4. WWE recently published a list of the “10 Best Women’s Matches in WWE History”. What would you place in the number one spot?

Mike:
Looking through that list and there are so many great matches – and so many from NXT in the last few years are simply stunning. I’d have to go for Lita versus Trish Stratus, however, just because I’m a huge Lita fan. I think her part in establishing women as a key part of WWE’s wrestling program and not just being used as glamour support for male wrestlers is massive. That moonsault from the top rope gets me every time. Two legends of the ring who deserve their spot at the very top.

Richard:
The best women’s match would have to be the first 30-Woman Royal Rumble – all the talent from today and the past in a really good match. If it wasn’t the Rumble, I’d vote for Sasha vs. Bayley in the Iron Man Match.

Grady:
I suck at picking favorites – you can ask me 100 times and get 100 different answers. But I find it hard to disagree with WWE’s choice of Banks vs. Bayley at Brooklyn.

David:
There have been some absolute classics over the years – with most of them coming in more recent memory. I’m quite partial to Emma vs. Paige from TakeOver: Arrival, but could also agree with Banks vs. Bayley in Brooklyn.

 

5. A ticketing issue forced PWG out of its iconic Reseda venue and into Los Angeles’ Globe Theater for its latest event, Time Is a Flat Circle. Which venues do you most closely associate with pro-wrestling?

Mike:
There are two. Madison Square Garden is my number one because it always sounded like the most magical place on earth. It’s where wrestlers put on the biggest and best shows. It’s where I wanted to go when I grew up. And the other? A little closer to home. Mt Eden War Memorial Hall, where the best IPW matches I’ve seen took place. And those wrestlers who put their body on the line in Mt Eden are every bit as professional as the ones at MSG!

Richard:
Wrestling venues are almost as much a part of some promotions as the talent. For me, it’s Madison Square Garden in WWE just for the history of the company in that building. There is the ECW Arena for ECW. (I believe this is now called the 5100 Arena.) Again, just due to all the historic moments for that promotion in that building.

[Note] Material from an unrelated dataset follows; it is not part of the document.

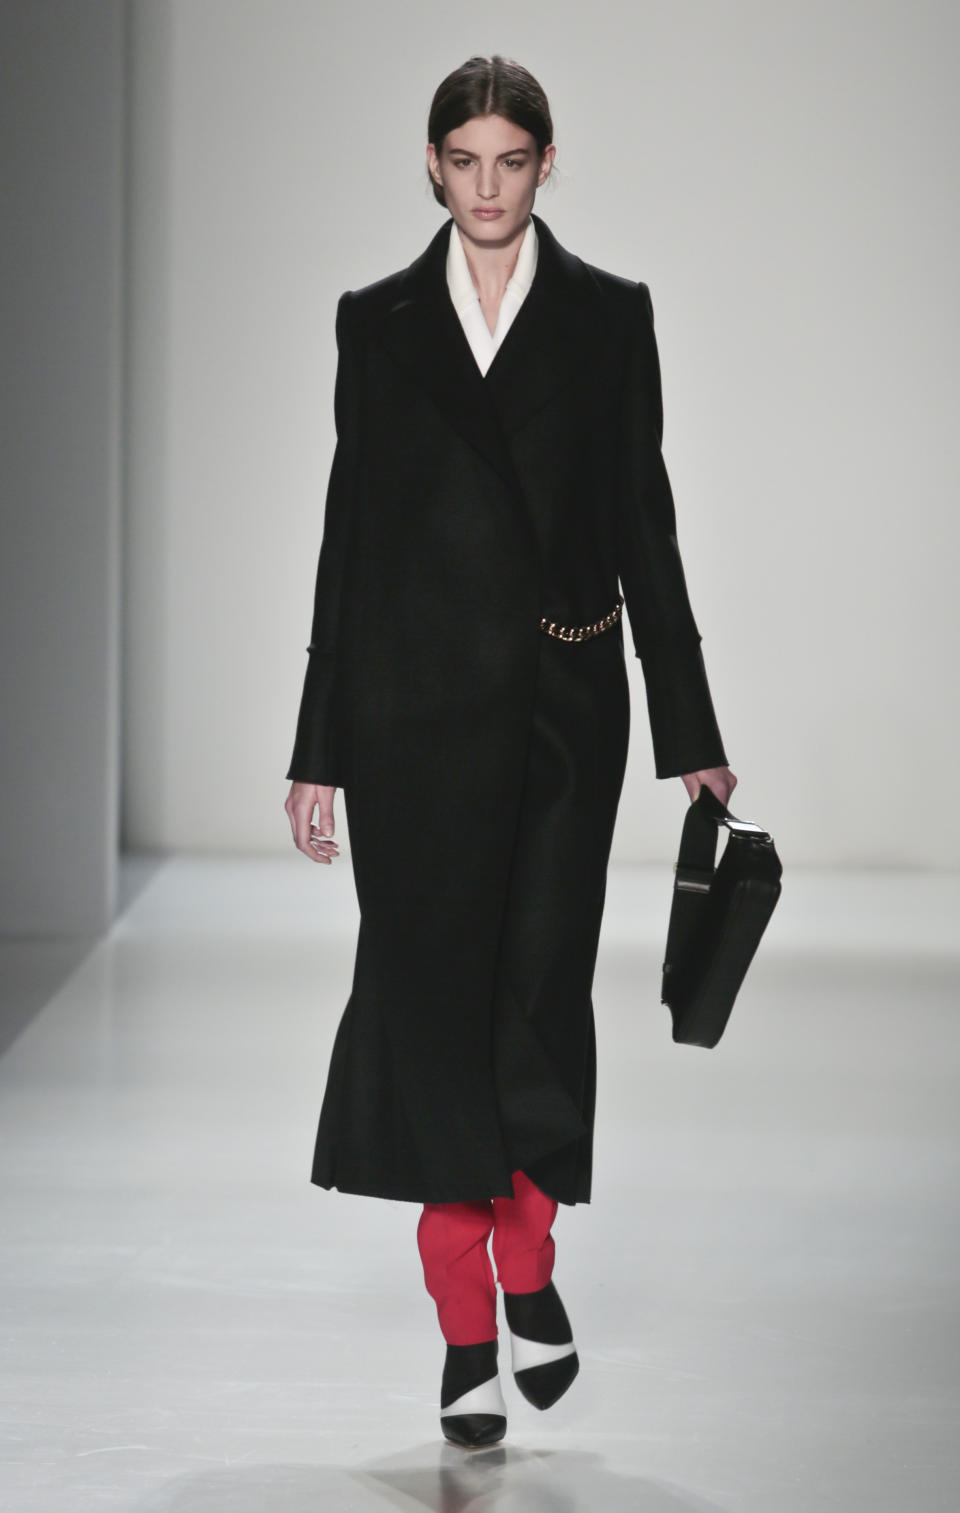 Fashion from the Victoria Beckham Fall 2014 collection is modeled, during New York Fashion Week on Sunday Feb. 9, 2014. (AP Photo/Bebeto Matthews)

The original Impact Zone with the two entrance ramps. The Electric Ballroom for Progress. Full Sail University for NXT. Reseda’s American Legion Hall for PWG. Korakuen Hall for NJPW. I think with any of those venues if you just set up chairs and put a blank/non-branded ring in the middle you would be able to guess the promotion just based on the venue alone.

Grady:
Madison Square Garden is probably the most famous, to the point of people pushing for it to be in the Hall of Fame.

David:
I think it might be the Hammerstein Ballroom, oddly enough. I can picture other iconic venues playing host to different events, but every time I see the Hammerstein Ballroom I’ll always think of pro-wrestling – which is weird because it’s so unlike almost any other venue.